_Exercise directions_:
From the material below, copy exactly the lines beginning with the one that contains "(Zugspitze) 登上德國之巔 36" and ending with the one that contains "Это кольцо-моя сбывшаяся"; the pictures stay out.

_Supplied records_:
Content starts
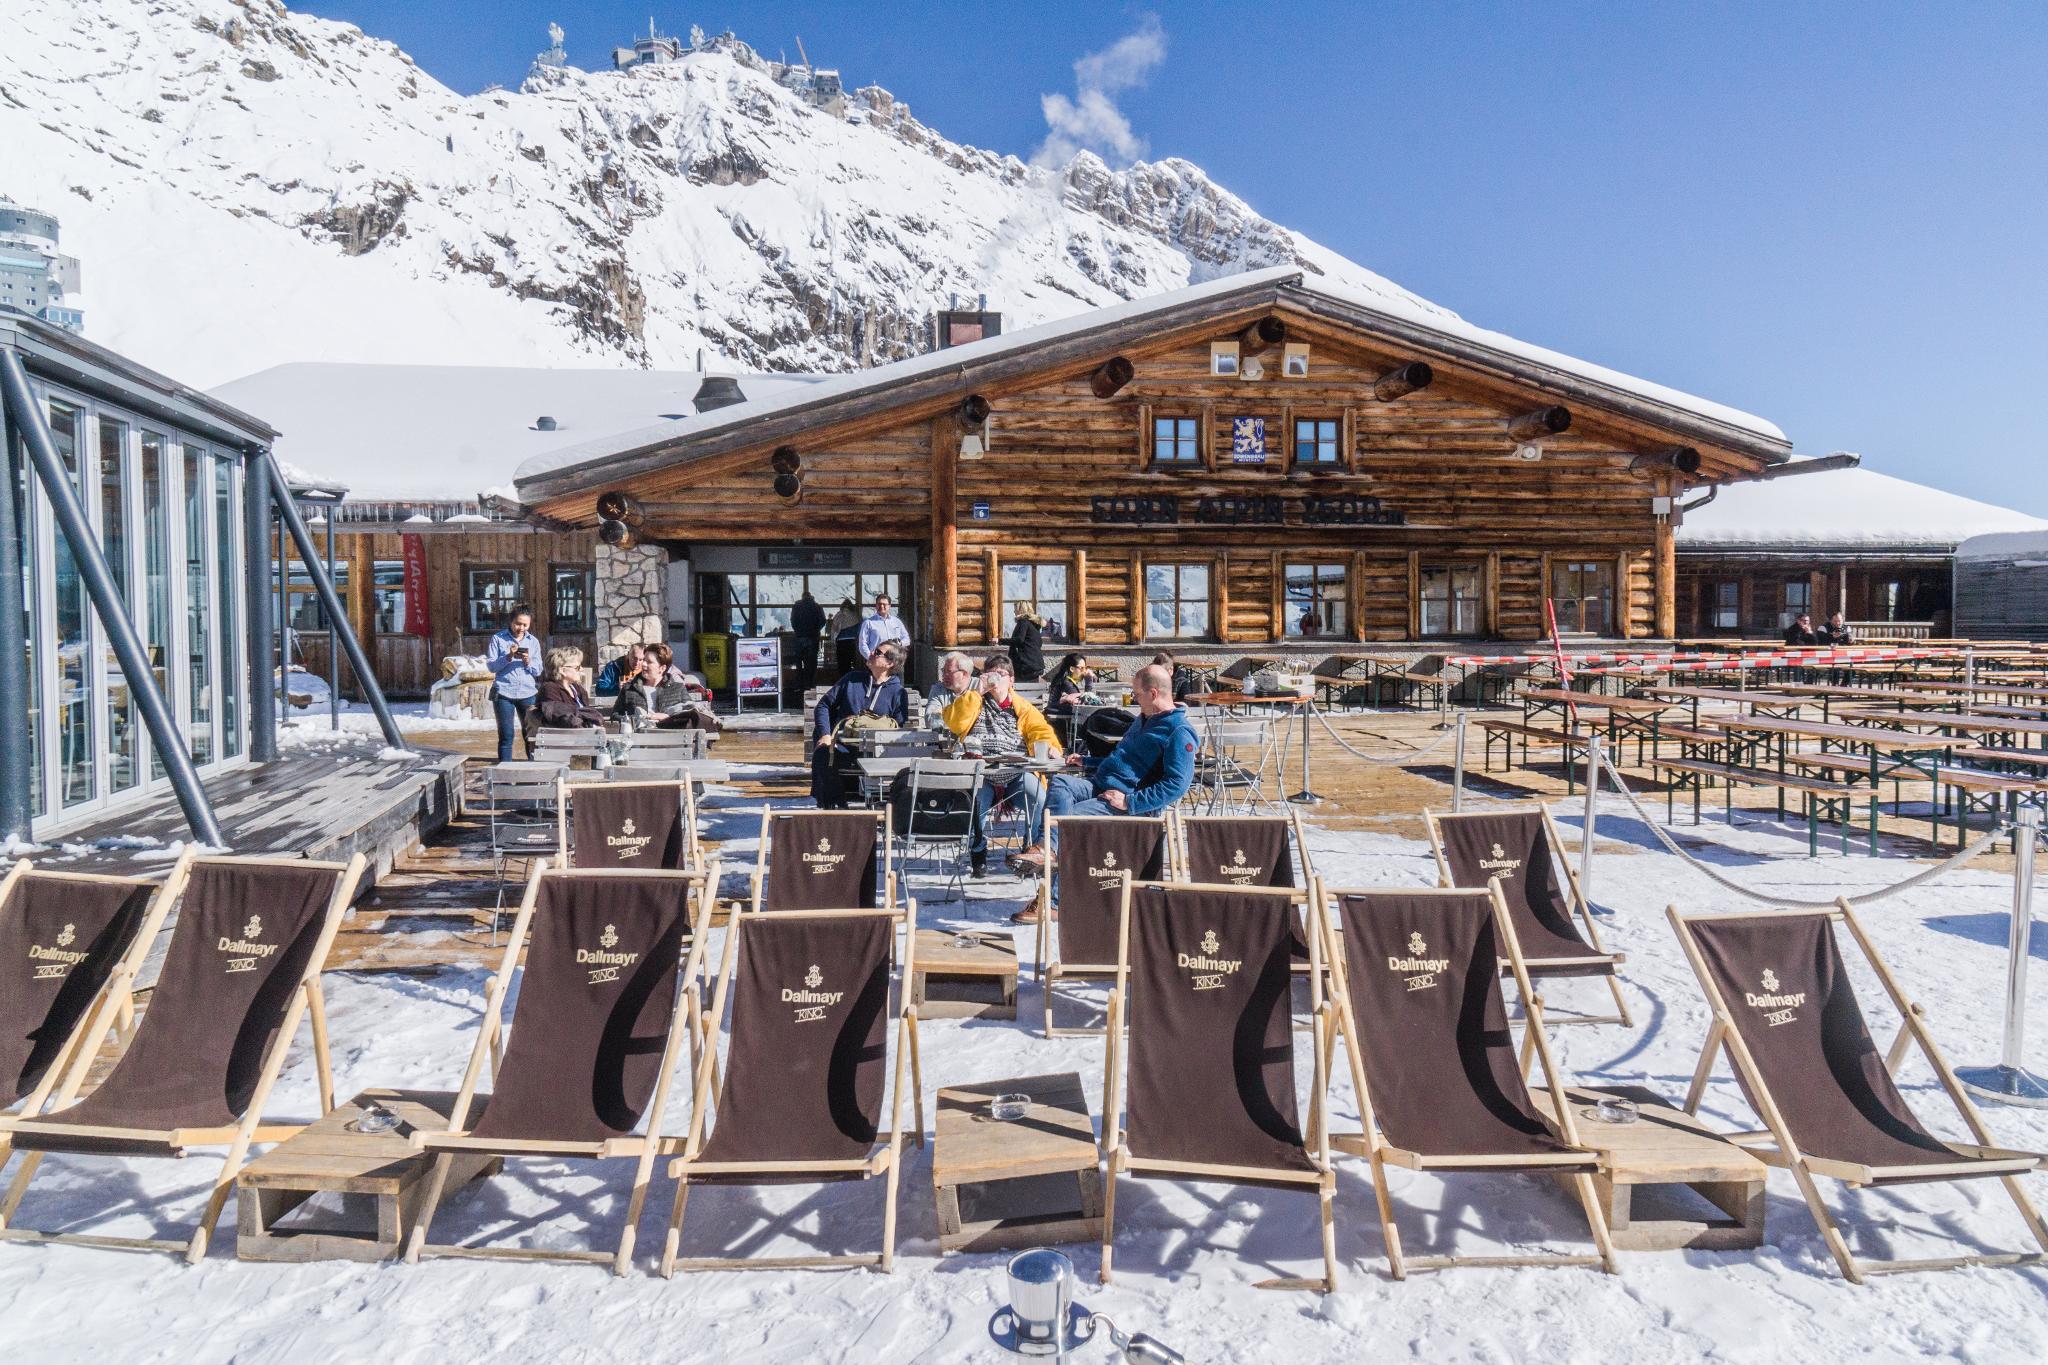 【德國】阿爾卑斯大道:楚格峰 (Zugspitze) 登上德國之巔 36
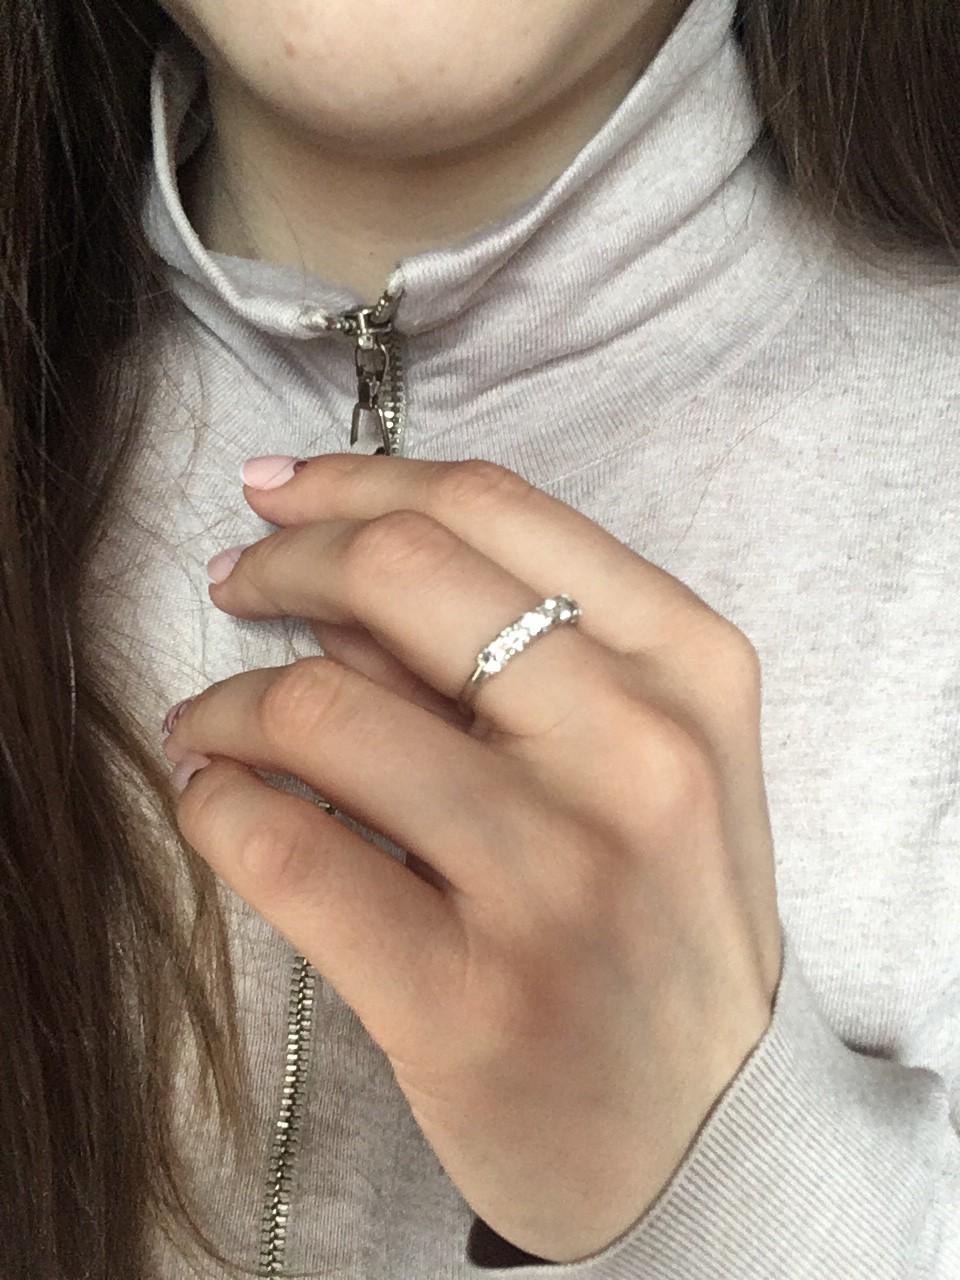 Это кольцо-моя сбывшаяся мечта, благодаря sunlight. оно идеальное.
Content ends
Content starts
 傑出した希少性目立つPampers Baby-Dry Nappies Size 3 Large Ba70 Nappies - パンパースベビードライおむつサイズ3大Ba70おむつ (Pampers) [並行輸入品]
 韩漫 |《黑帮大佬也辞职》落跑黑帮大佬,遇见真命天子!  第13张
Content ends
_Task output_:
 【德國】阿爾卑斯大道:楚格峰 (Zugspitze) 登上德國之巔 36
 Это кольцо-моя сбывшаяся мечта, благодаря sunlight. оно идеальное.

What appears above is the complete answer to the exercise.